4A (s) + 2 B (g) -- 4 C (g)

K=50

which is false:
a) K= [C]^4/{B]^2

b) K = √1/50 for 2C (g) -- 2B (g) + 2A (s)

c) changing the answer will not change K

d) 2(50) for 8A (s) + 4 B (g) -- 8C (g)


I understand that A is true, but for B (which is also true) I understand why it is the inverse of Keq, because its the reverse reaction, but why do we take the square root?

and for D, the correct answer would have been (50)^2 but why?

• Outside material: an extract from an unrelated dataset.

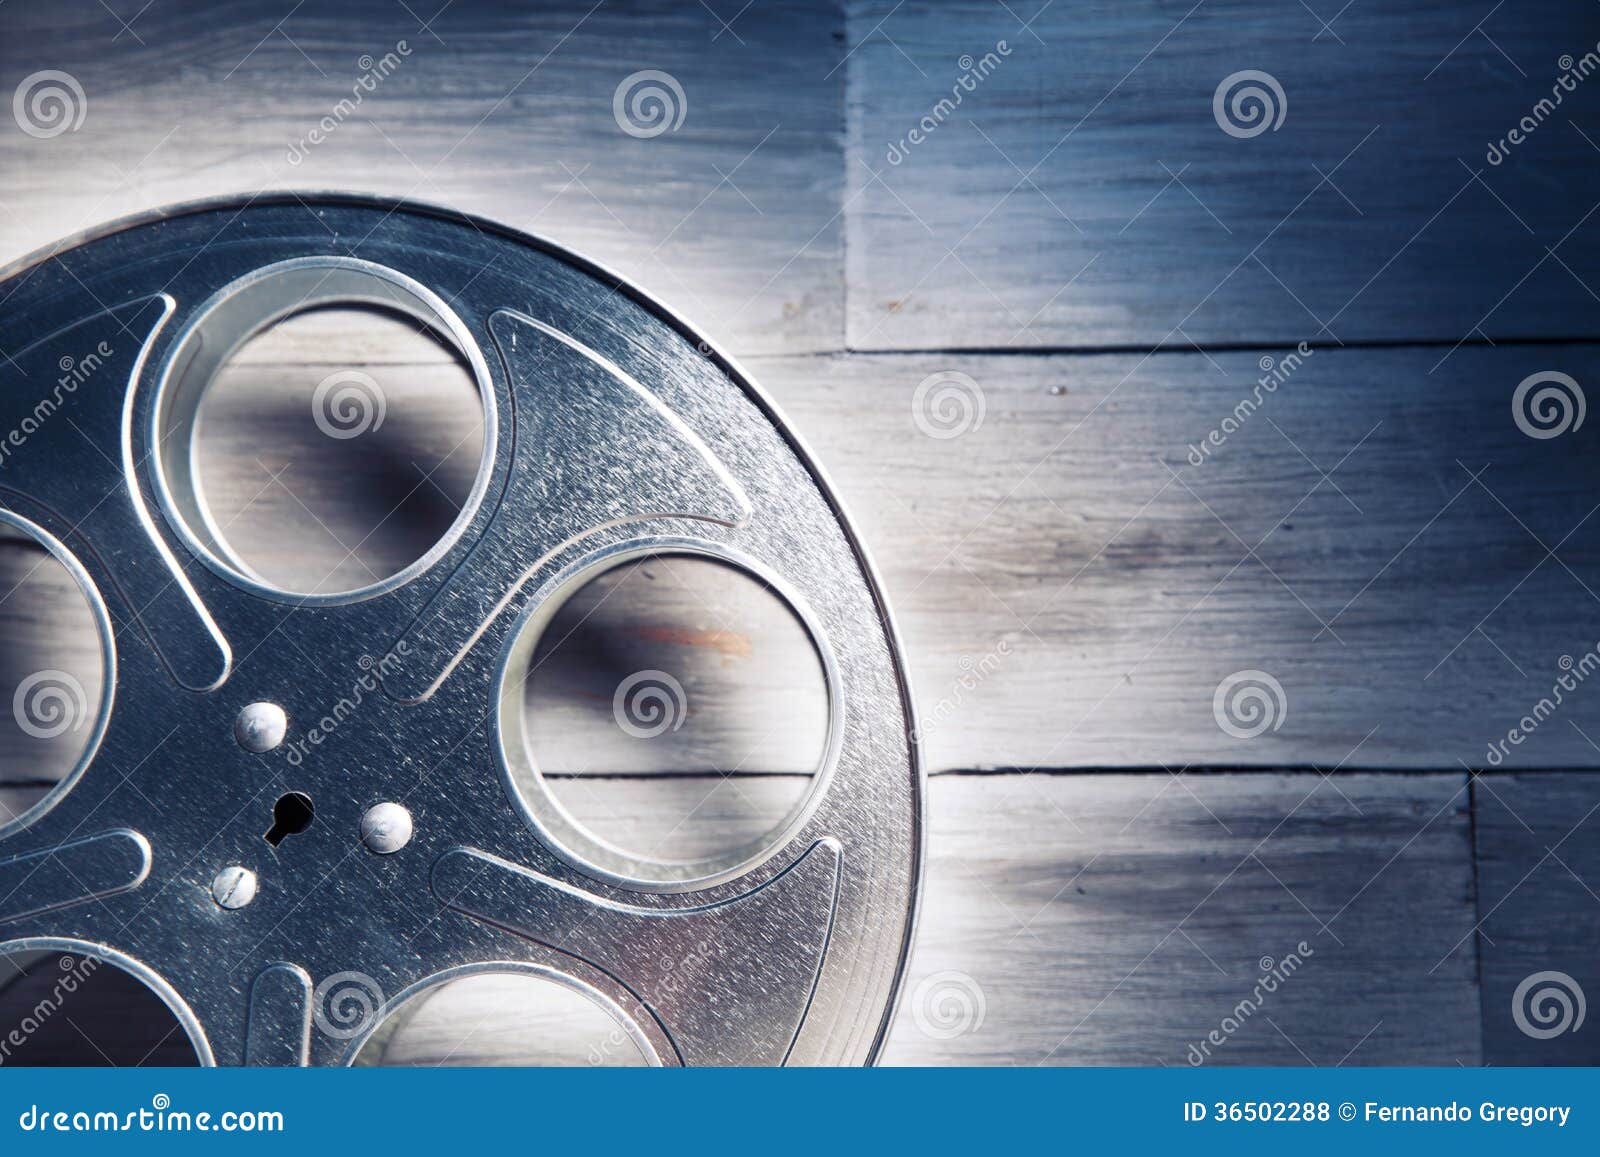 dramatic lit image of a movie reel

I'm not understanding destroyer's explanation. Thanks!

 

[mh0000]

Whenver you multiply a balanced equation by some factor (all of the terms must be multiplied by this factor, not just some), just raise the equilibrium constant (K) by that factor.

A + B --> C ; K=[C]/[A]

Multiply eqn by a factor of 2, raise the K by 2:
2(A + B --> C) = 2A + 2B --> 2C ; K=([C]/[A])^2

Likewise, halving the eqn coefficients is the same as multiplying by 1/2
(1/2)(A + B --> C) = 0.5A +0.5B --> 0.5C ; K=([C]/[A])^(1/2) or sqrt([C]/[A])

 

[Troyvdg]

Whenver you multiply a balanced equation by some factor (all of the terms must be multiplied by this factor, not just some), just raise the equilibrium constant (K) by that factor.

A + B --> C ; K=[C]/[A]

Multiply eqn by a factor of 2, raise the K by 2:
2(A + B --> C) = 2A + 2B --> 2C ; K=([C]/[A])^2

Likewise, halving the eqn coefficients is the same as multiplying by 1/2
(1/2)(A + B --> C) = 0.5A +0.5B --> 0.5C ; K=([C]/[A])^(1/2) or sqrt([C]/[A])

awesome. thank you👍